Any stimulant mixed with alcohol is unsafe because alcohol is a depressant and stimulants trigger the opposite effect. Simulants make you feel more alert. So, they can conceal the effects of alcohol. When you mix them, you are unable to know when you’ve reached a dangerous level of intoxication.

The main drugs to beware of are Adderall and Ritalin. These are central nervous system stimulants and prescribed to people suffering from ADHD.The common side effects of mixing alcohol with Adderall, Ritalin and other Rx stimulants include:

  • Convulsions
  • Dizziness
  • Drowsiness
  • Heart problems
  • Impaired concentration
  • Liver damage
  • Stroke

Allergy Medicine

Allergy medicines are central nervous system depressants, the same as alcohol. The combination of the two can impair your motor skills, cause increased sleepiness, sedation and increase the risk for overdose. Also, alcohol will decrease the efficacy of the medicine, which will prolong the allergy symptoms.

The side effects include:

  • Dizziness
  • Drowsiness
  • Impaired motor skills
  • Increased risk for overdose
  • Sleepiness [3]

Although small amounts of alcohol may not cause harm, the safest way to take allergy medication is to avoid drinking alcohol completely. If you’ve mixed alcohol and allergy medicine you should rest and wait for the effects to subside.Never mix alcohol and antihistamines before driving, because driving requires mental alertness.

Antibiotics

Antibiotics are used for treating infections. When combined with alcohol they may cause:

  • Convulsions
  • Fast heartbeat
  • Flushing or redness of the face
  • Headache
  • Liver damage
  • Nausea
  • Stomach pain,
  • Sudden changes in blood pressure
  • Vomiting

Alcohol can also reduce the effects of the antibiotics. [4] Always read the warning label, and consult with a doctor if you plan to drink while on antibiotics therapy.

Benzos

Benzos are used to treat anxiety disorders. They are usually safe if taken as prescribed, but mixed with alcohol can have profound and dangerous effect. Specifically, alcohol and benzodiazepine have a synergistic depressant effect on the central nervous system, meaning that they increase each other’s effect. According to the National Institute on Alcohol Abuse and Alcoholism, the potentially dangerous effects include:

  • Dizziness
  • Drowsiness
  • Impaired motor control
  • Increased risk for overdose
  • Memory problems
  • Slowed or difficulty breathing
  • Unusual behavior

Caffeine

Caffeine can conceal the depressant effects of alcohol, and make you more alert. This can be dangerous because you may not be aware about your level of drunkenness, thus risking alcohol poisoning and injury. Further, it is a myth that caffeine will reduce the effects of alcohol and sober you up, because it doesn’t affect the metabolism of alcohol in the liver. [5]

Cocaine

Cocaine is the ultimate stimulant. It is highly addictive and dangerous by itself. When mixed with alcohol it has a potential for a dangerous interaction, and unpredictable consequences.

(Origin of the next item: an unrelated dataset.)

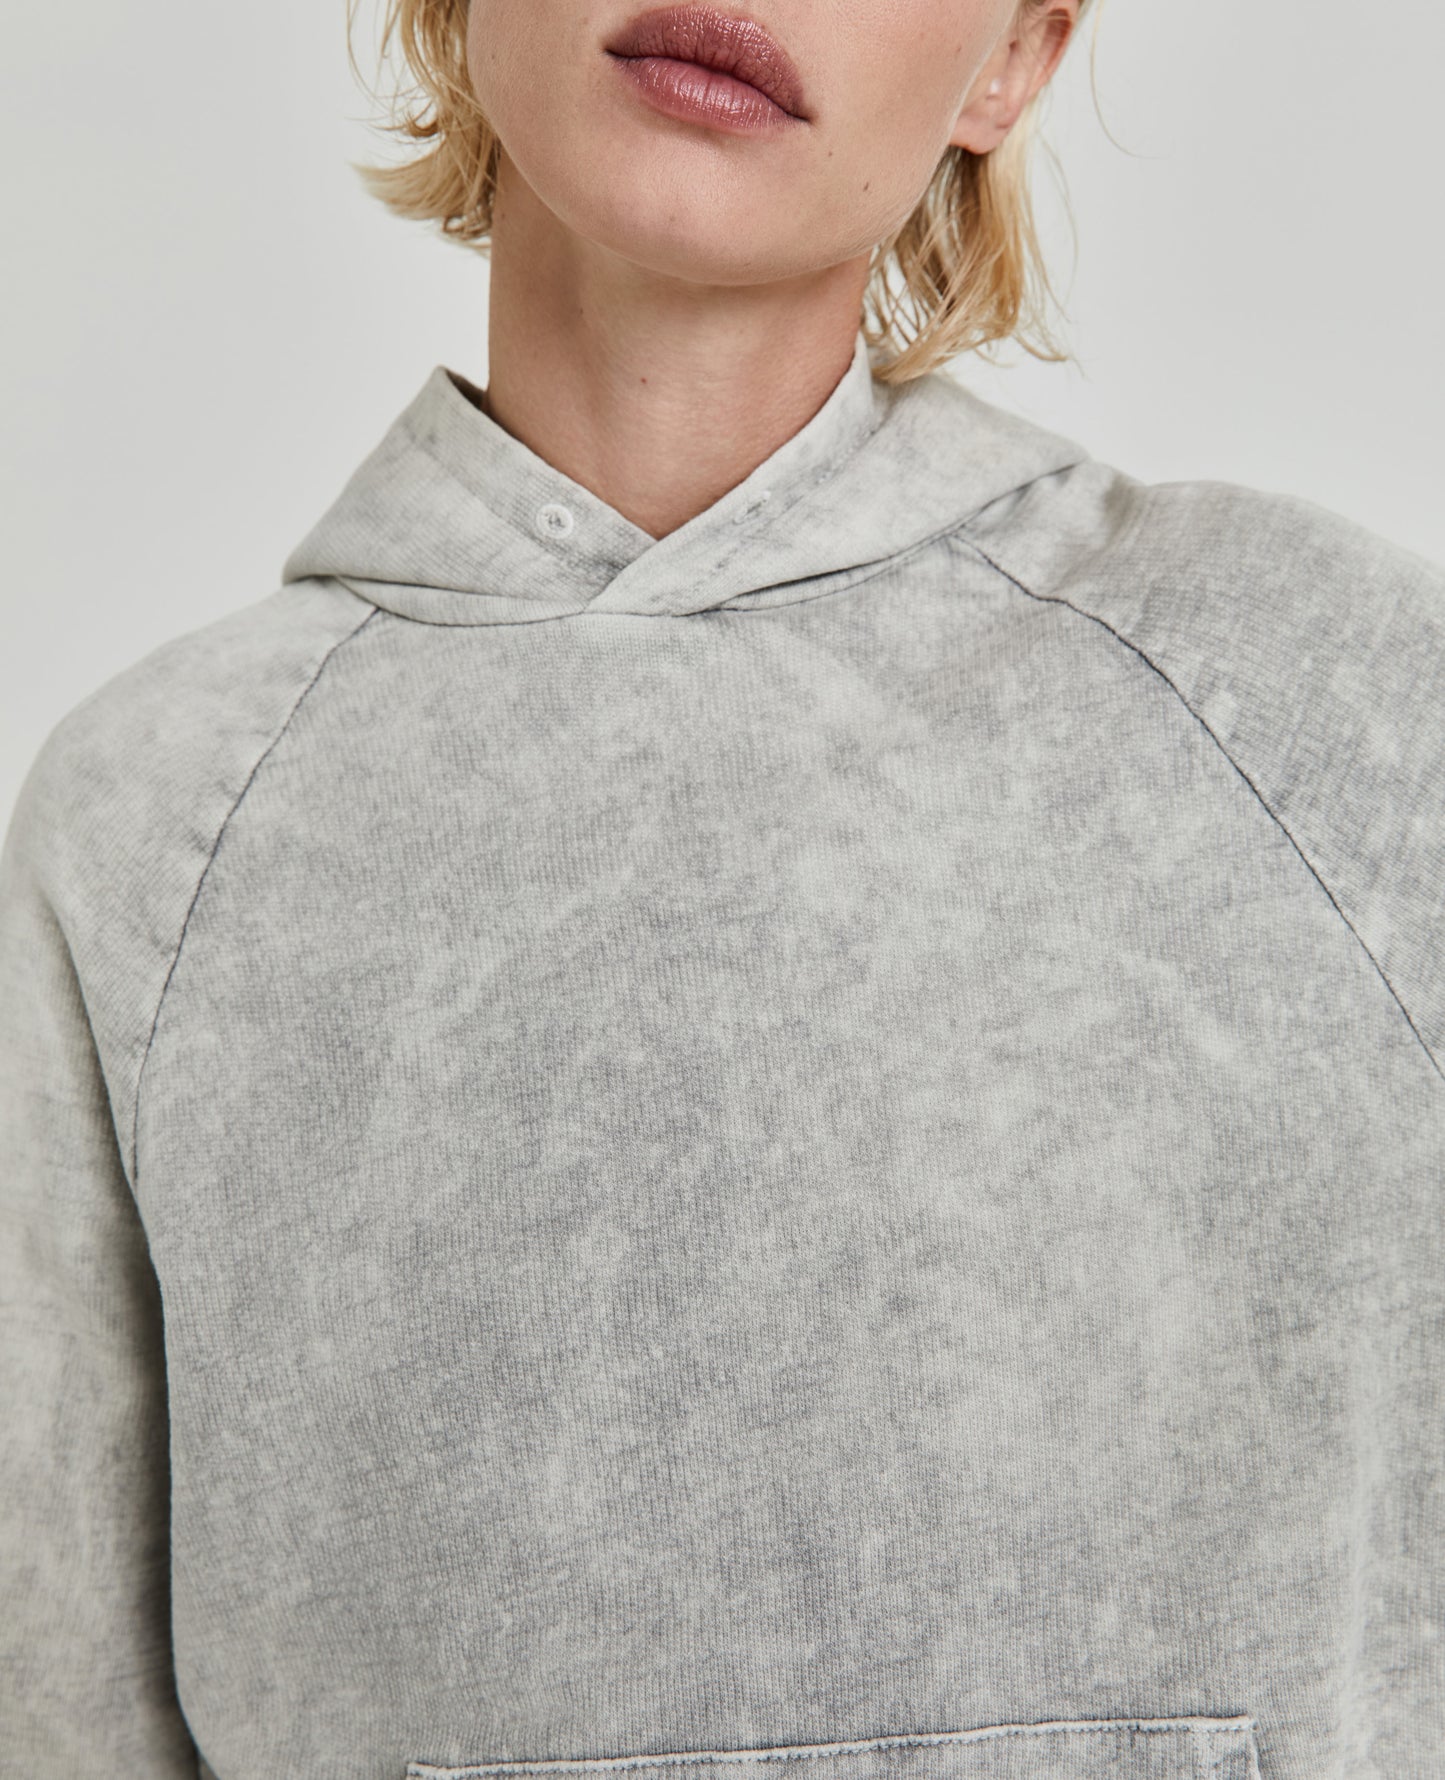 Cali Hoodie Moonwash Florence Fog Vintage Hooded Sweatshirt Women Tops Photo 4

Due to cocaine’s ability to mask the perception of intoxication, its use can lead to excessive drinking and alcohol poisoning.This could encourage someone to violence and driving while under the influence, which can be dangerous to the self and other people. While alcohol is a sedative, the stimulant effects of cocaine can increase the user’s heart rate, which could potentially be dangerous.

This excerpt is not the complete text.